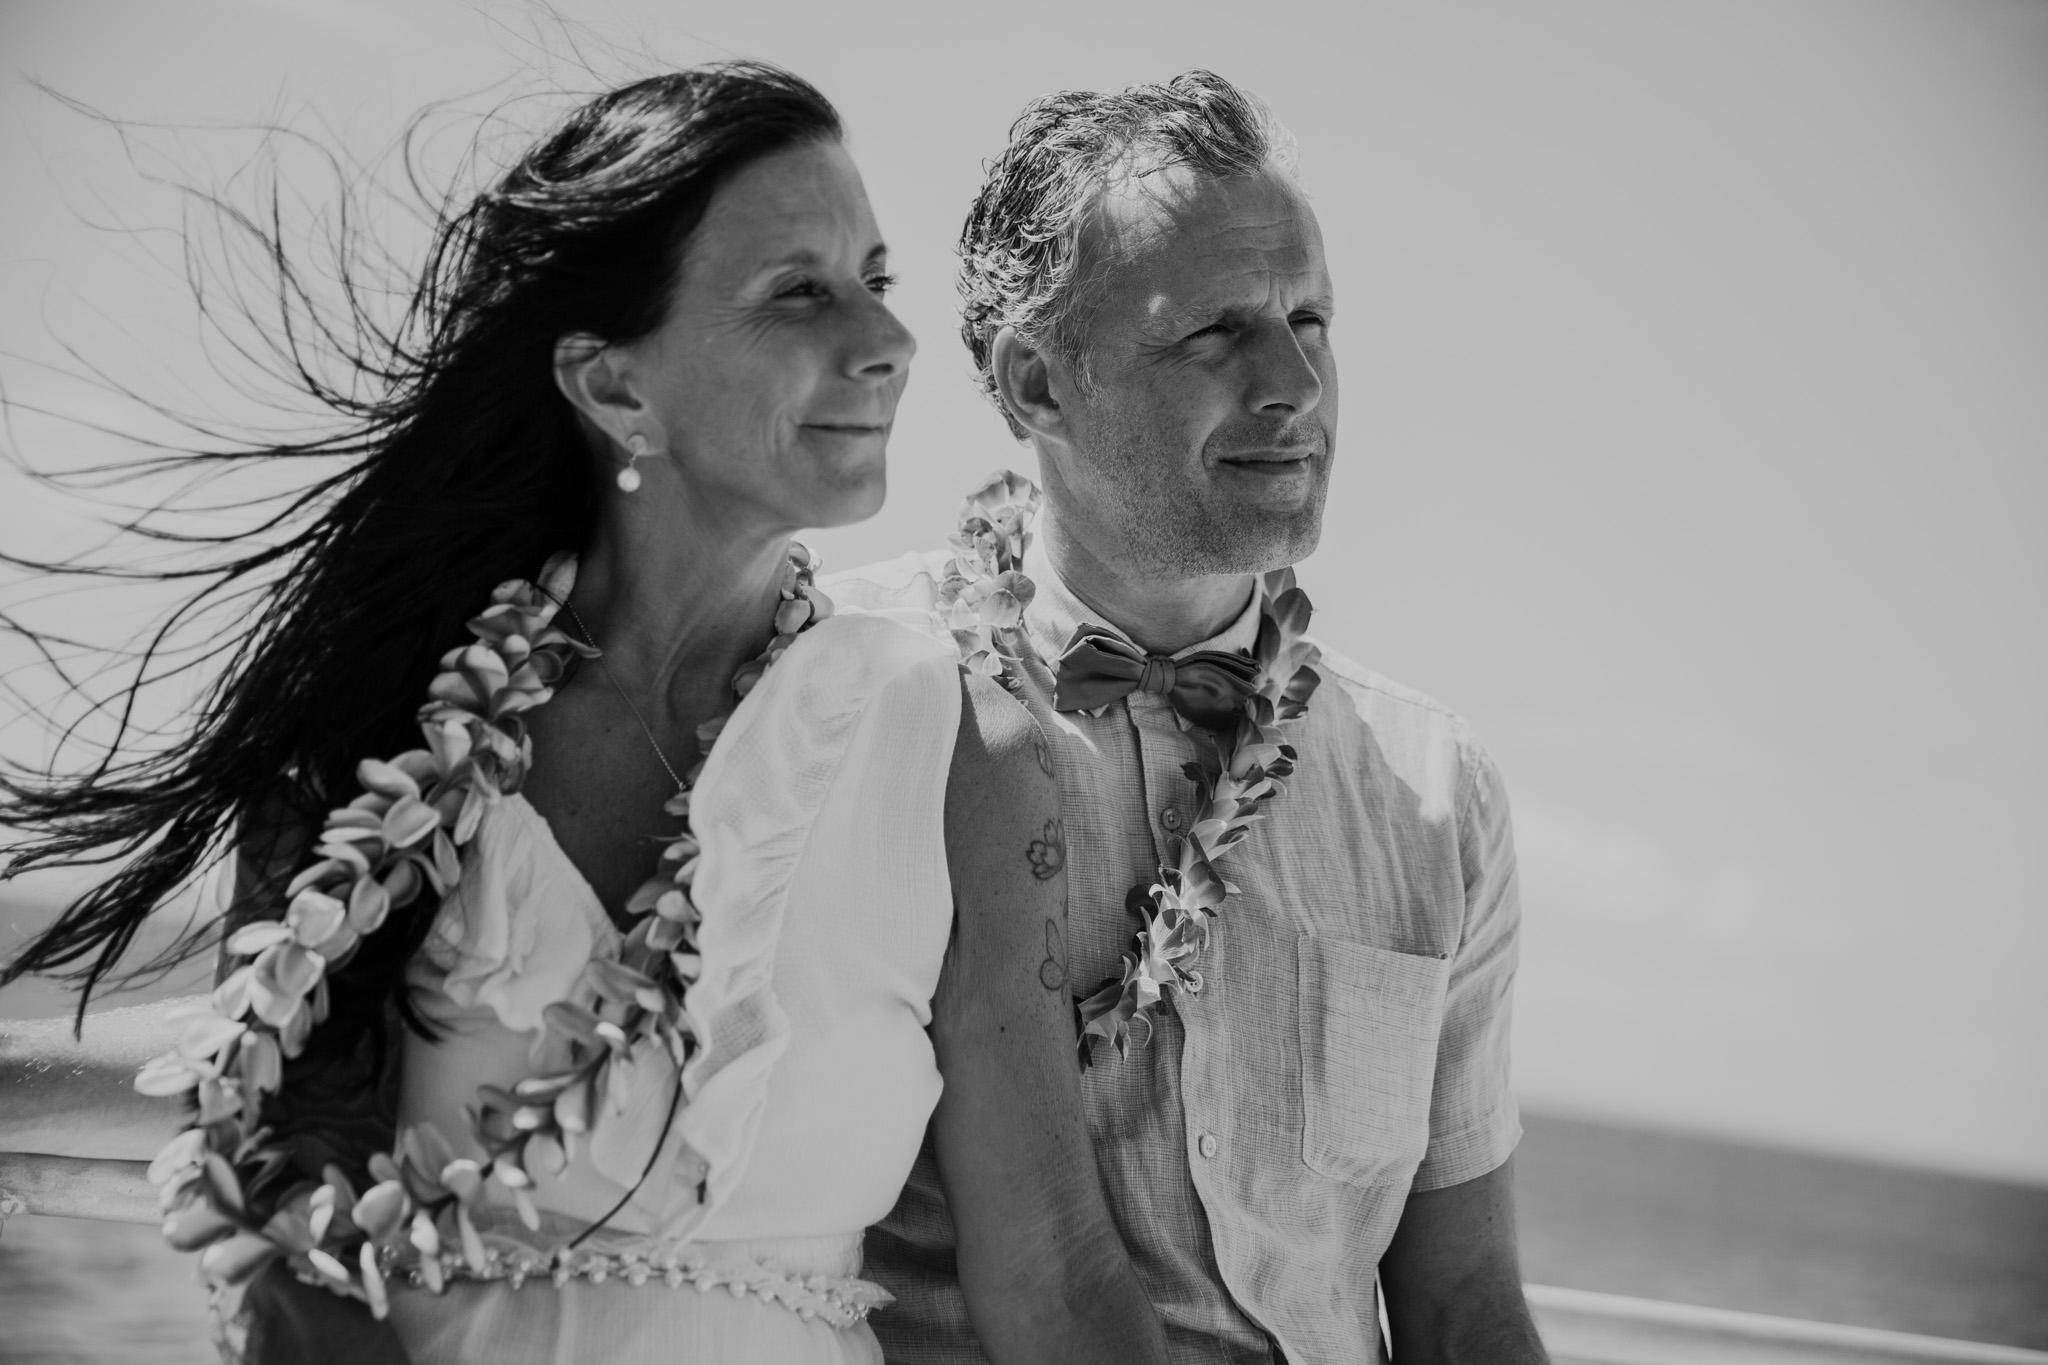 wedding-vow-renewal-hawaii-hochzeit-maui-silberhochzeit-karol-and-jens_140.jpg
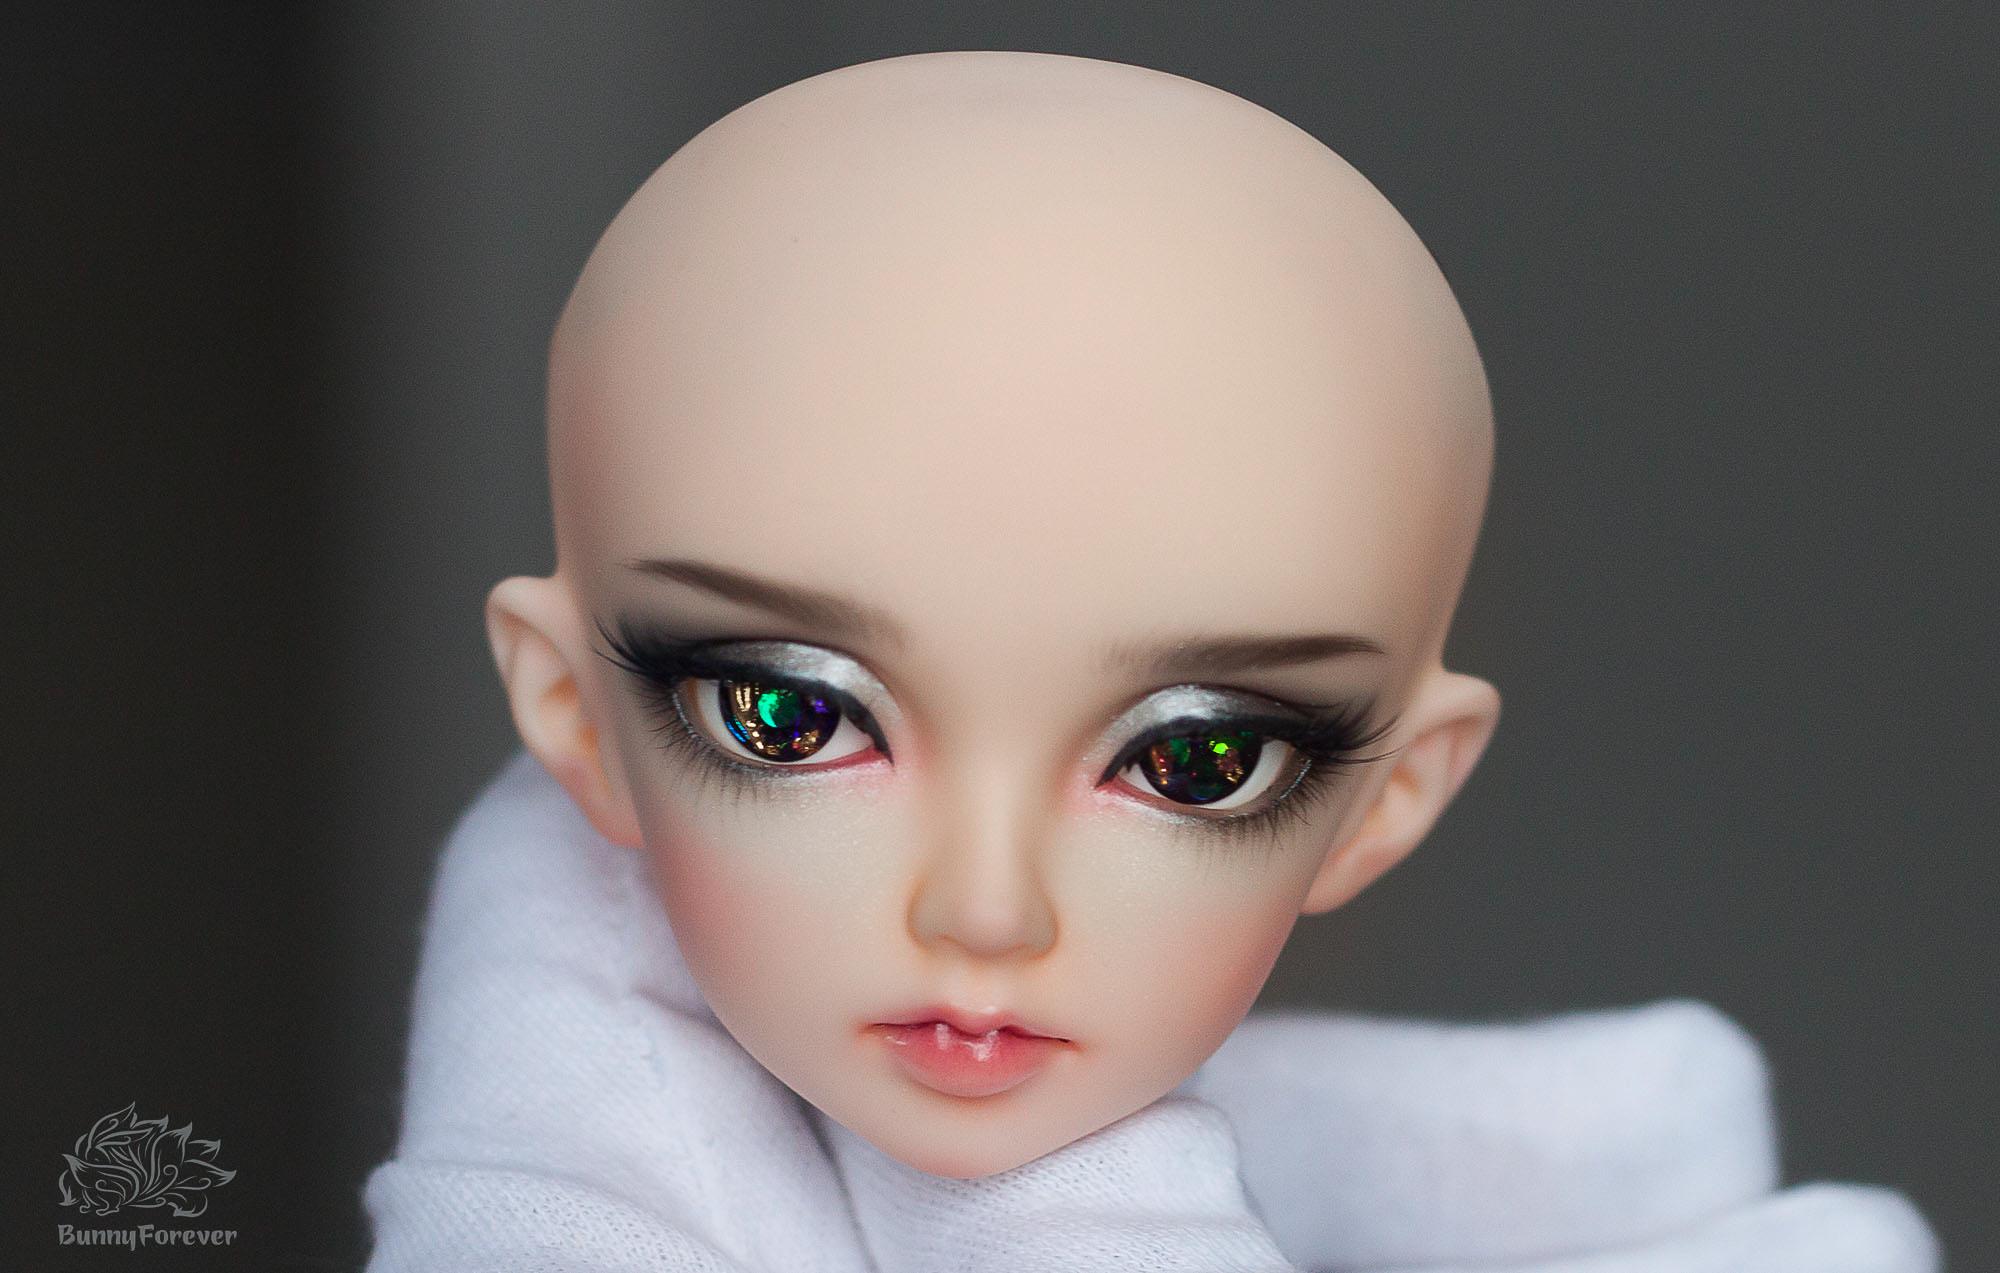 balljointeddoll, ball jointed doll, bjd, bjd doll, face-up, faceup, face-up bjd, faceup bjd. faceup commission, face-up commission, búp bê bjd, bjddoll, balljointdoll, fairylandbjd, minifee, kai
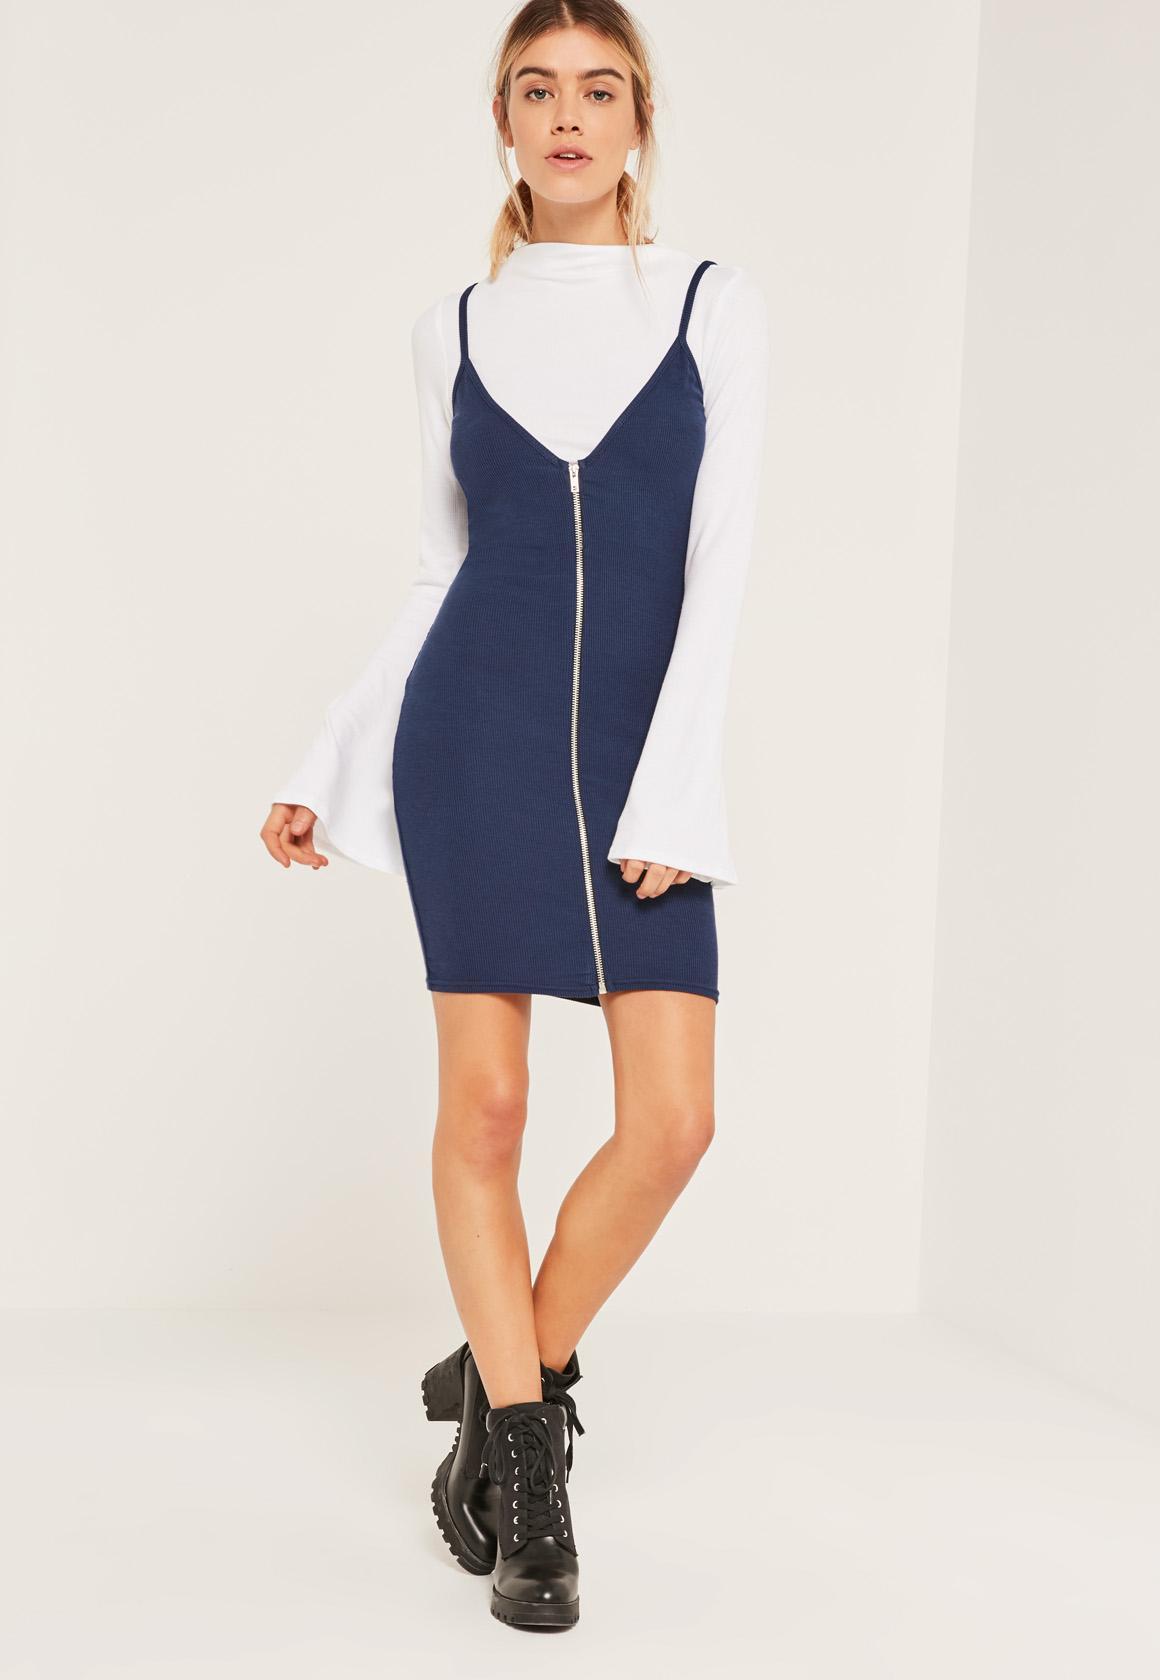 Blue Flared Sleeve Zip 2 in 1 Dress
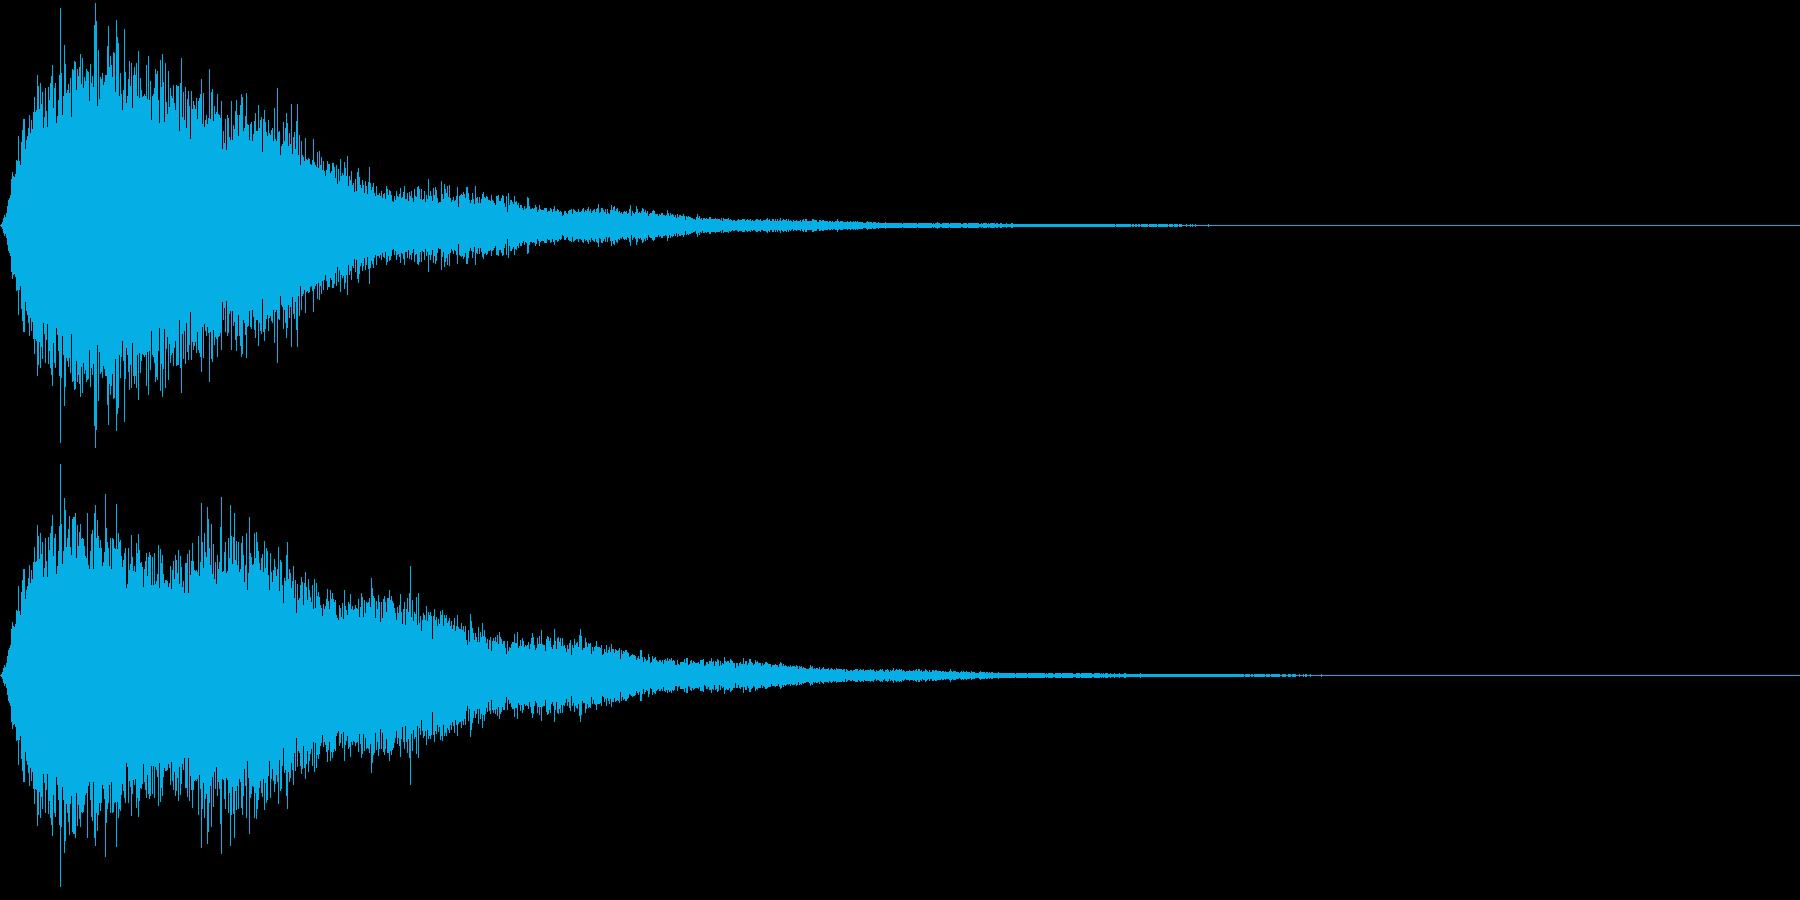 SE 一瞬の隙 攻撃 シャドー 落下にもの再生済みの波形

· · ·

* Your objective
Only what runs from the line with "Blue Flared Sleeve Zip 2 in 1 Dress" through the last line of the listing above belongs in the answer, set down exactly and free of pictures.

* Solution for this problem
 Blue Flared Sleeve Zip 2 in 1 Dress
 SE 一瞬の隙 攻撃 シャドー 落下にもの再生済みの波形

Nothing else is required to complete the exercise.